- [STORED DATA]:
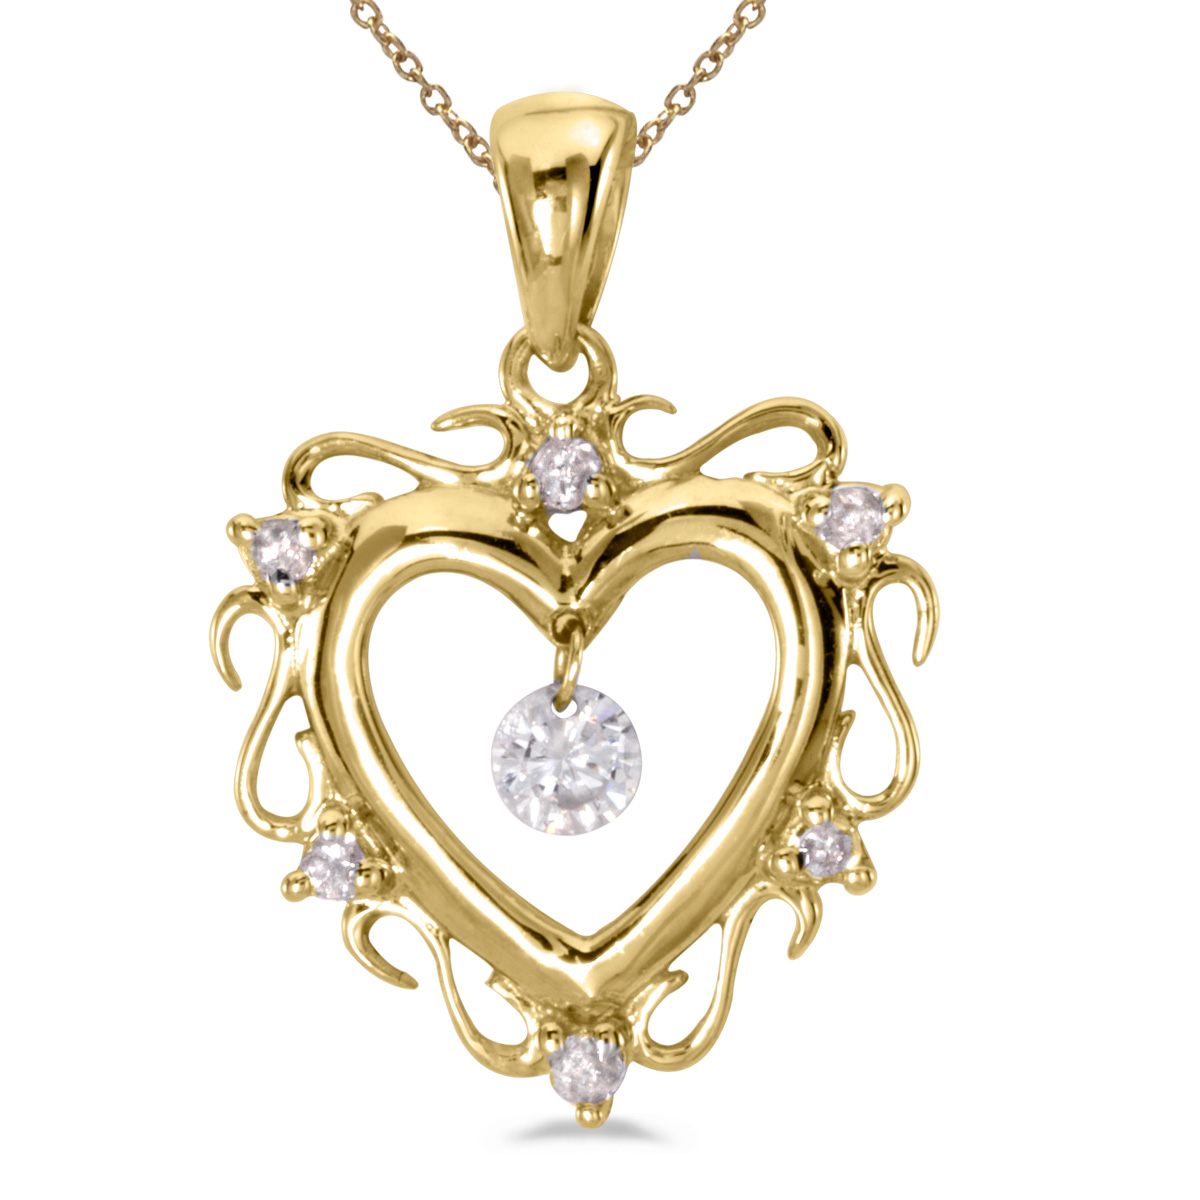 14k gold Dashinng Diamonds pendant with 0.13 total ct diamonds. The center dangling diamond dance...
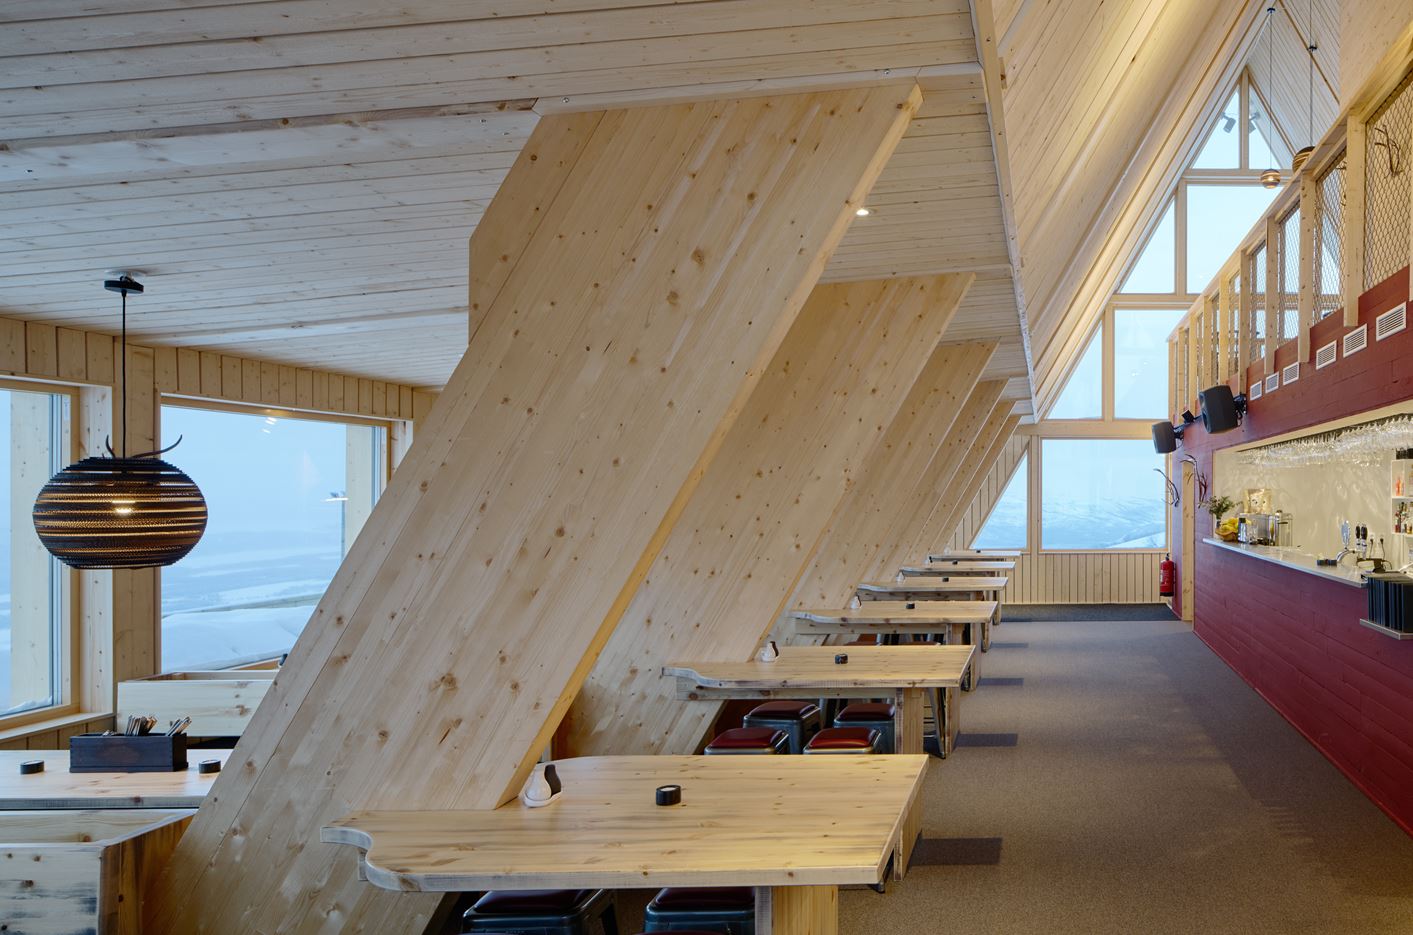 Björk Mountain Restaurant in Hemavan, Sweden by Murman Arkitekter
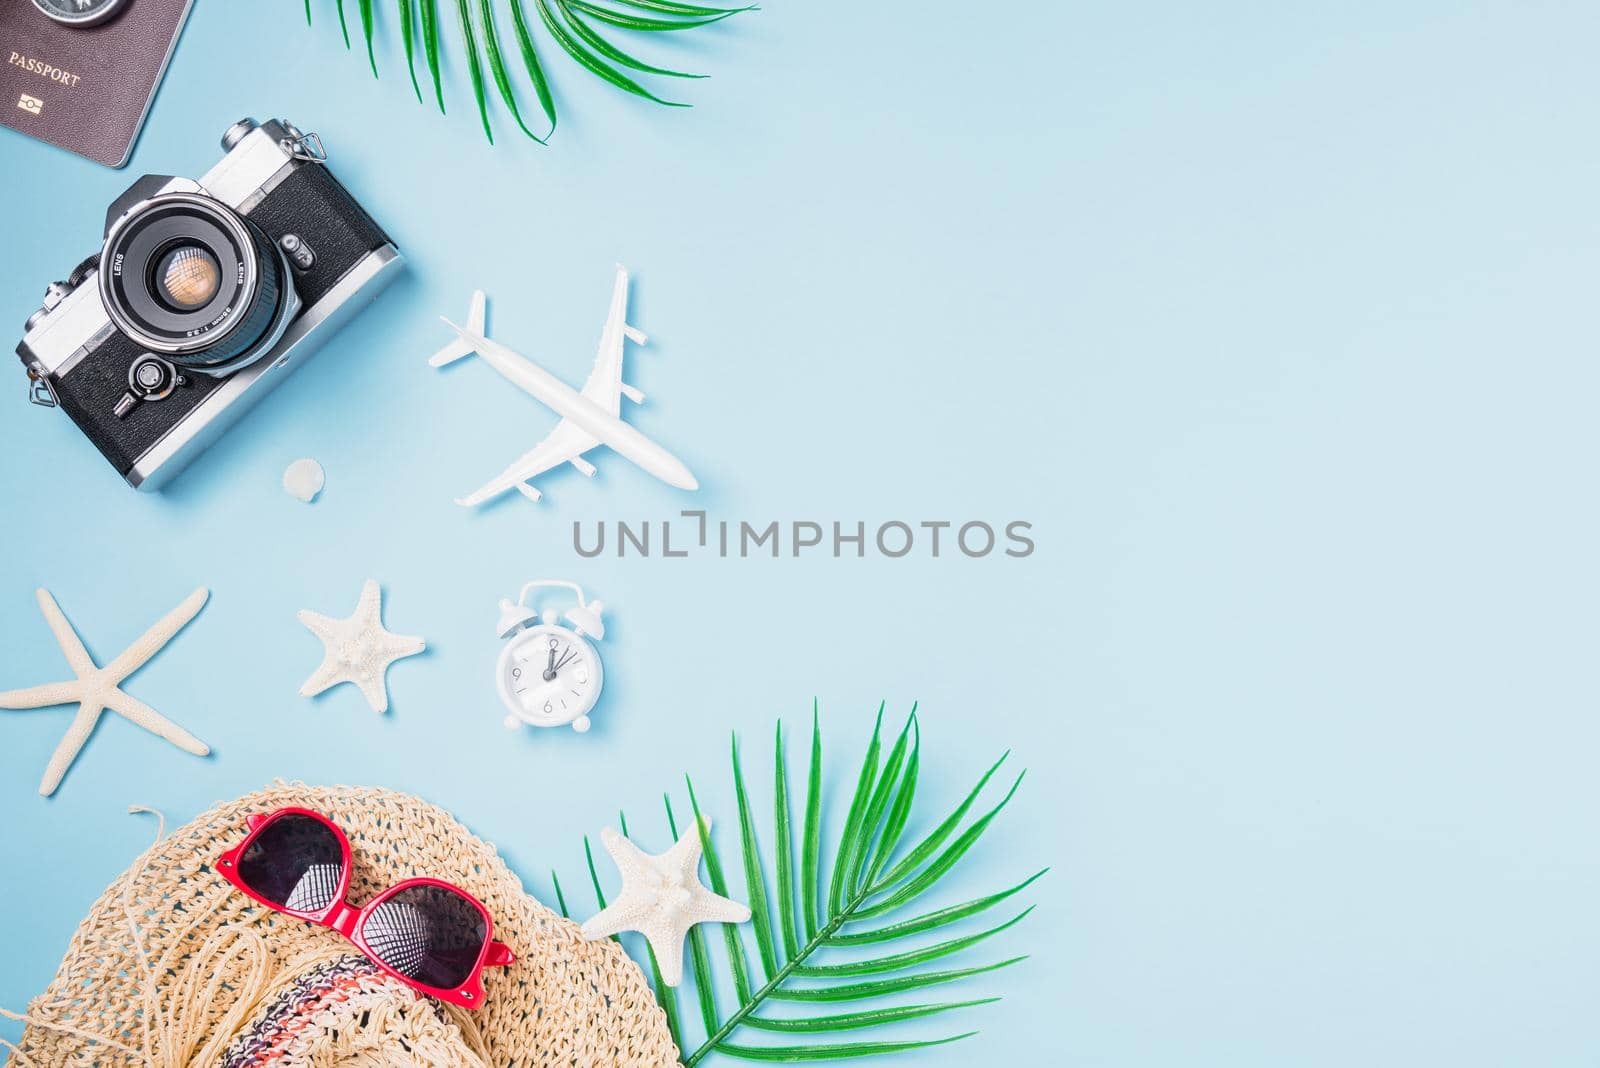 camera films, airplane, starfish, shells, hat traveler tropical accessories by Sorapop
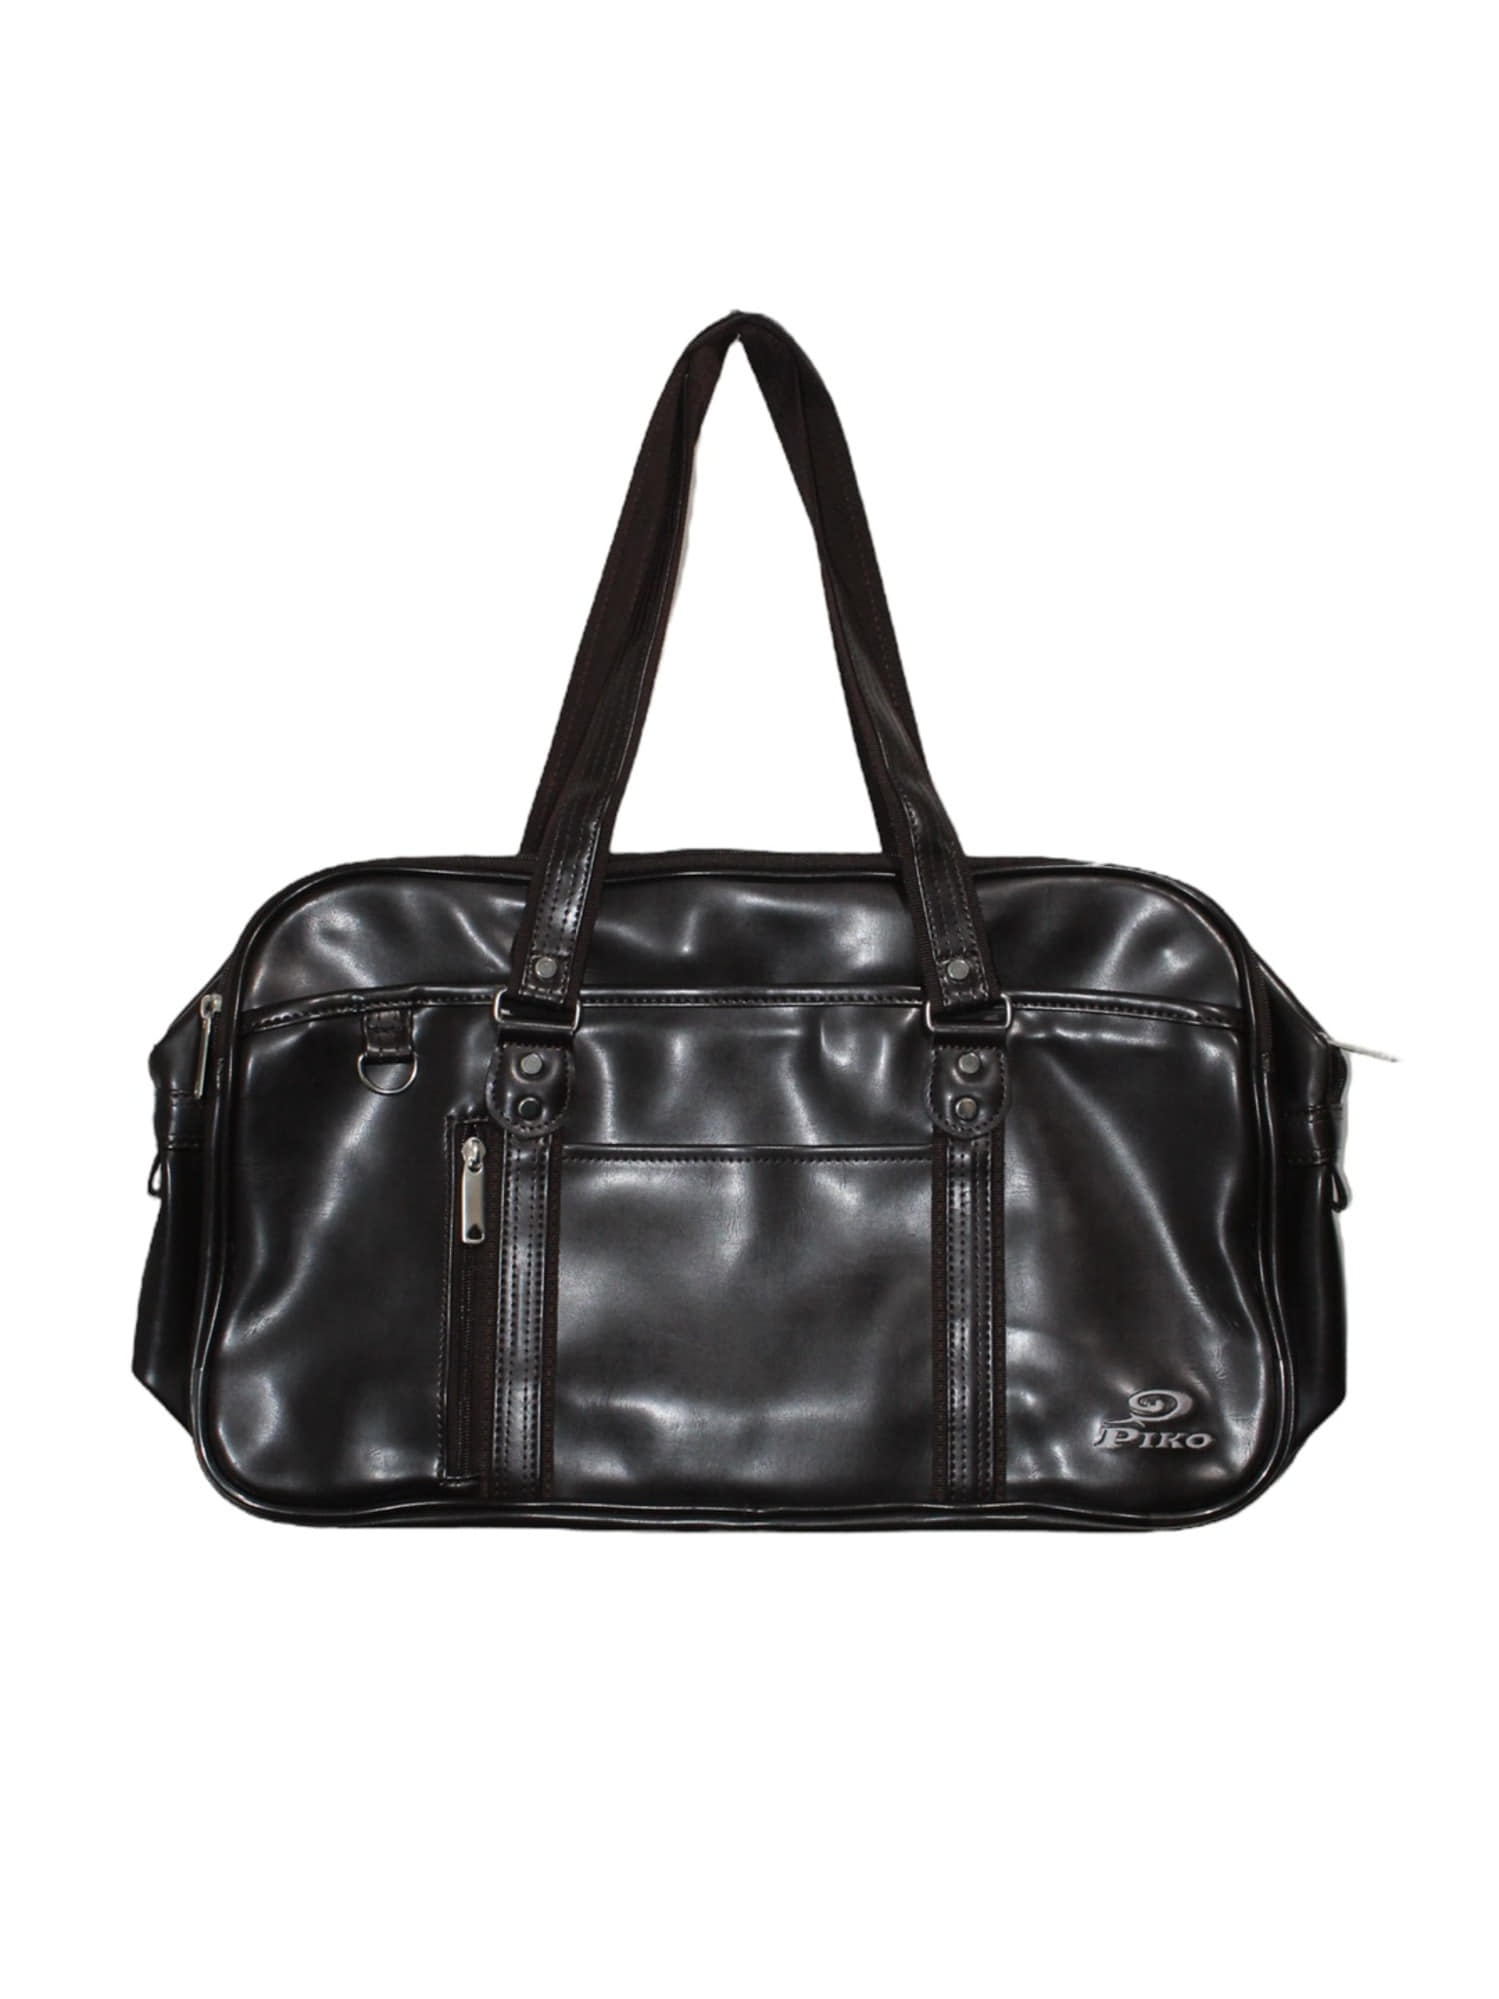 PIKO Brown Leather Tote Bag

- [WHAT IS REQUIRED]: Write out each line of the data above exactly, starting at the top and finishing with the line containing "camera films, airplane, starfish, shells, hat"; omit the pictures.

- [YOUR RESPONSE]:
 14k gold Dashinng Diamonds pendant with 0.13 total ct diamonds. The center dangling diamond dance...
 Björk Mountain Restaurant in Hemavan, Sweden by Murman Arkitekter
 camera films, airplane, starfish, shells, hat traveler tropical accessories by Sorapop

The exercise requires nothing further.